Каким-то сокровенным чувством Златоуст прозревал и тайну своего художнического призвания, своей страстной любви к искусству и своей временами дикой ненависти к нему. Неосознанно, чутьем, благодаря возникавшей в его душе веренице образов он догадывался, что искусство представляет собой сплав отцовского и материнского мира; оно может возникнуть в до крайности чувственной сфере и привести к предельно отвлеченным понятиям, или же оно может брать свое начало в мире чистого разума и заканчиваться в мире самой полнокровной плоти. У всех творений искусства, как, например, Богородица мастера, которые были воистину возвышенными и не относились к умелым подделкам, а были исполнены вечной тайны, у всех подлинных, несомненных творений искусства было это опасное, улыбчивое двуличие, это сочетание мужского и женского начала, это соединение плотских влечений и чистой духовности. Но лучше всего эта двойственность лица праматери Евы проявится, если когда-нибудь удастся создать ее образ.

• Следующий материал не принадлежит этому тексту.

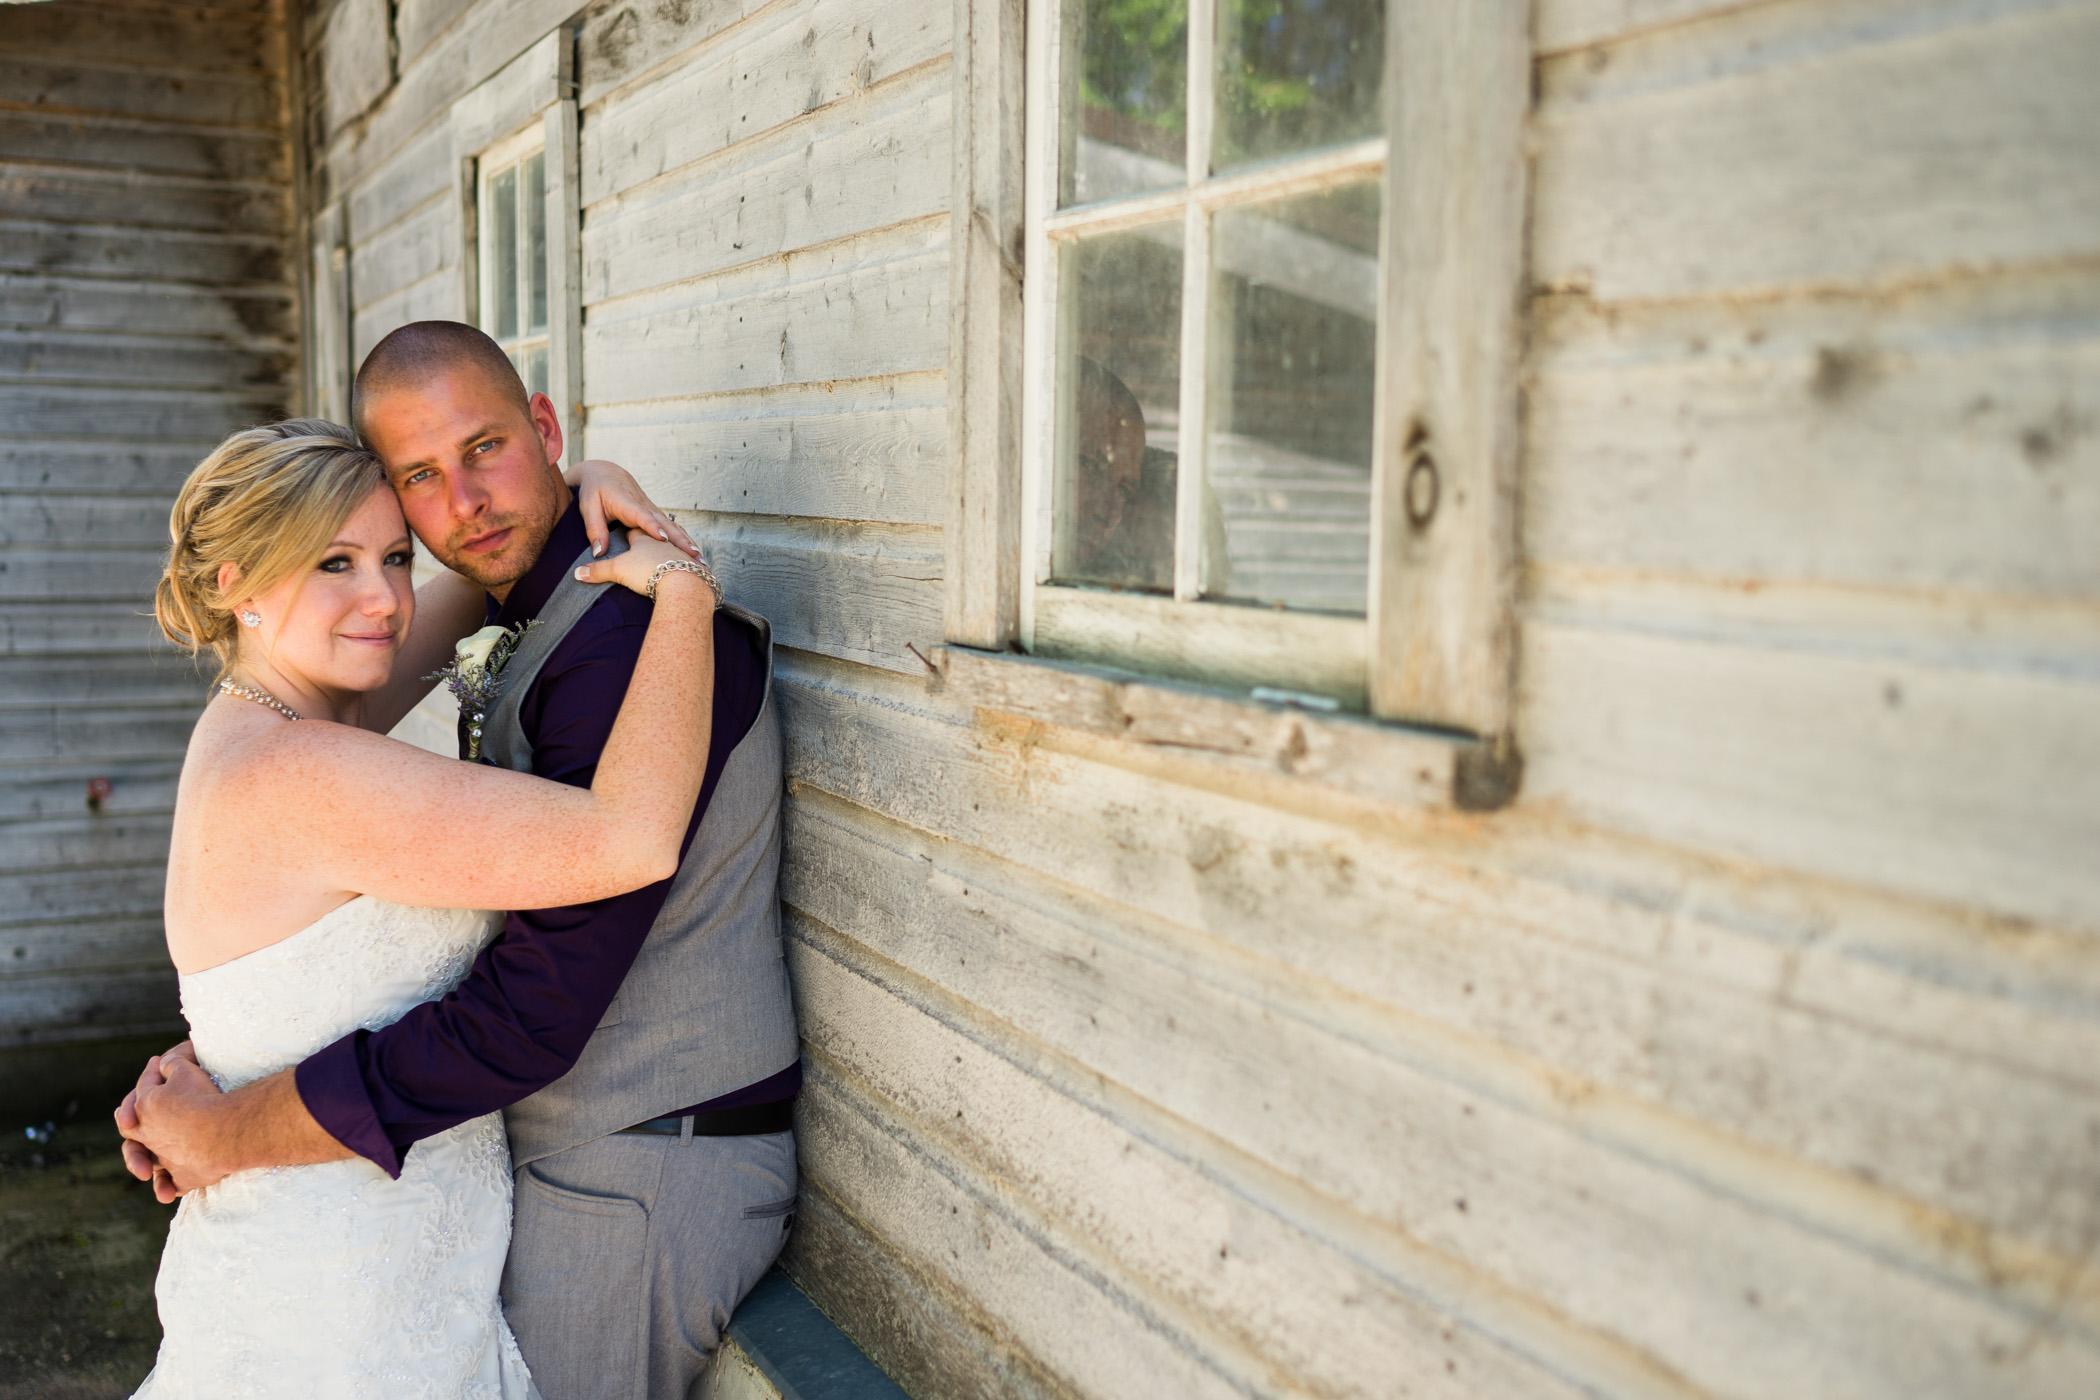 COJO Photo - Whitney and Steve - Wedding-912.jpg

В искусстве, в жизни художника Златоуст видел возможность примирения присущих ему глубочайших противоречий, а то и возможность создавать замечательные, небывалые олицетворения двойственности своей натуры. Но искусство не было чистым даром, оно не давалось просто так, за него нужно было платить высокую цену, оно требовало жертв. Более трех лет Златоуст приносил ему в жертву самый высокий и самый насущный после любовных наслаждений дар — свободу. Свобода, блуждание в пространстве без границ, приволье бродячей жизни, одиночество и независимость — все это он принес в жертву. И пусть другие считали его своенравным, строптивым и довольно эгоистичным, когда он время от времени забывал о мастерской и, впав в неистовство, пренебрегал работой, для него самого такая жизнь была рабством и нередко казалась ему невыносимо тягостной. Он обязан был повиноваться не мастеру, не будущему или необходимости удовлетворять естественные потребности, а самому искусству. Искусство же, это внешне столь одухотворенное божество, нуждалось в столь ничтожных вещах! Оно нуждалось в крыше над головой, оно нуждалось в инструментах, в дереве, в глине, в красках и золоте, оно требовало труда и терпения. Ему он пожертвовал дикой вольницей лесов, упоением безбрежными далями, терпким и сладостным предвкушением опасности, гордостью нищеты и вынужден был, с отвращением и скрежетом зубовным, приносить эту жертву снова и снова.